Today was pretty uneventful, other than a near miss with a kamikaze driver. This was our first near miss and its weird that it would happen on our last day of driving on this expedition. Some one driving a really small car cut us off as they were trying to get on the highway. I never saw them but Kim yelled out and I swerved to avoid them. Apparently this happens all the time as the driver of the vehicle next to us moved out of our way so I didn't hit them. It was all over in a blink of the eye, but luckily we missed what could have been an ugly situation.
This happened as we were driving along a peripheral road around the city of Rio de Janeiro. We have decided to forego exploring the city at this time as we need to concentrate on finding a secure campground to leave the Fuso. When we return in December we will spend some days exploring the city. We had gotten some very vague directions to a campground from some Brazilians we had met in Ouro Preto, and hoped that if we drove around we could either find it or ask for directions.
As luck would have it, we did find a campground but it was very popular and very full. However, one of the employees - who happened to be working his first day there - spoke English and decided to help us find a secure parking place.
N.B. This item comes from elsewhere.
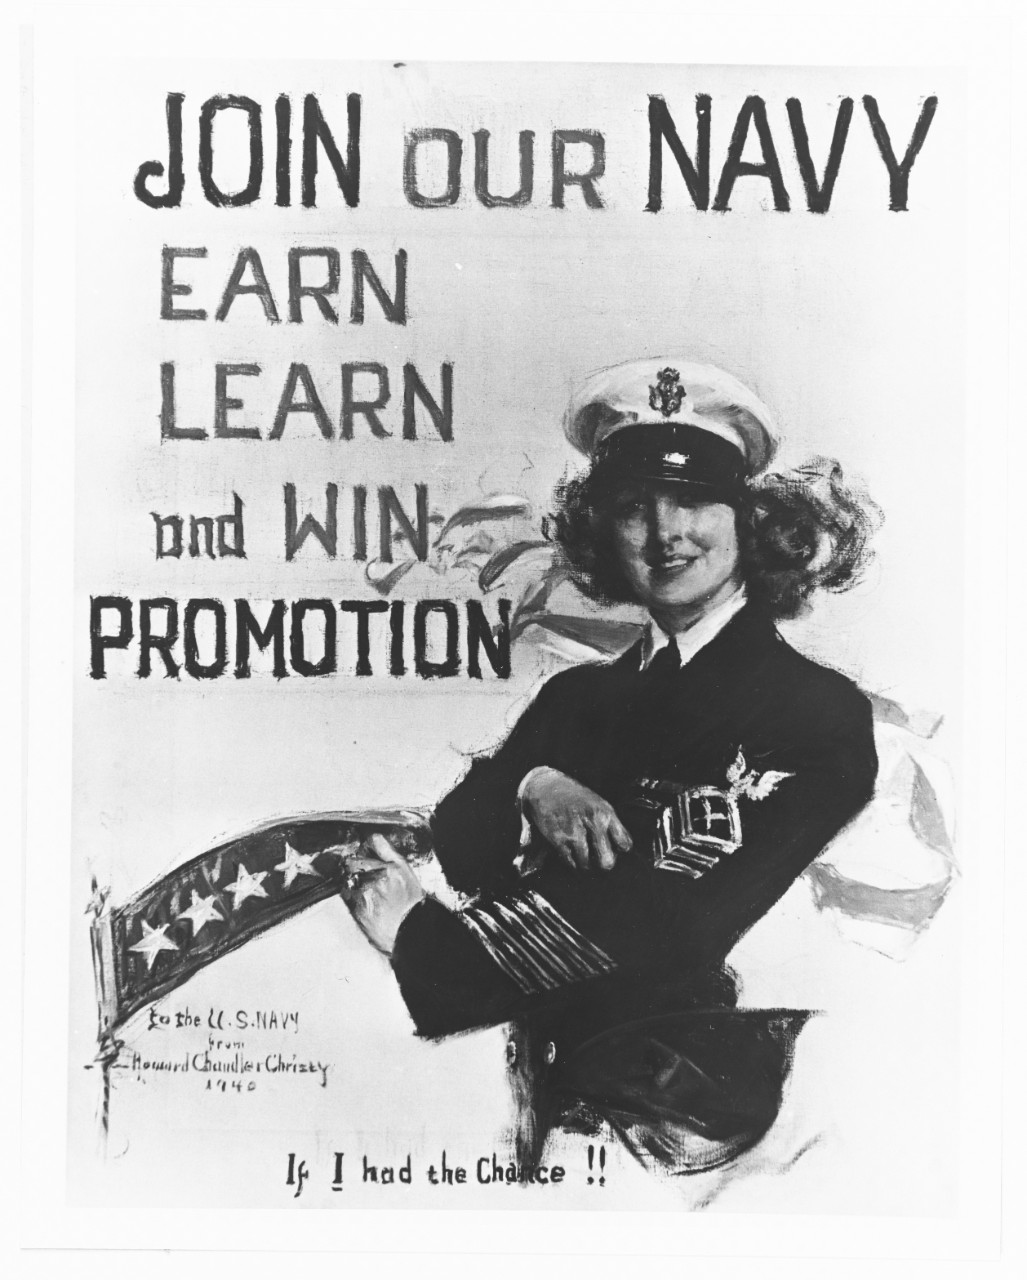 Navy poster, "Join our Navy"

He went with us to a neighboring campground where we were able to get directions to yet a different campground that probably had space.
We drove just another few miles, actually found the campground and decided that it was the right place to store the Fuso while we returned to the US for a couple of months.
The next couple of days were very rainy and we could prepare the interior of the truck for time we would be gone. The day of our return flight, the rain stopped and the sky cleared, yeah! So we were able to cover the truck and prepare the exterior for its storage. As the sun set, we finished our preparations, ate or gave away our remaining food, and had everything ready by the time our taxi arrived to take us to the airport.
We are excited to return home for a break, but are already making plans for our return in December. We will head across Brazil to Iguazu Falls, then drive to Buenos Aires then down to the tip of South America at Tierra del Fuego. See you then!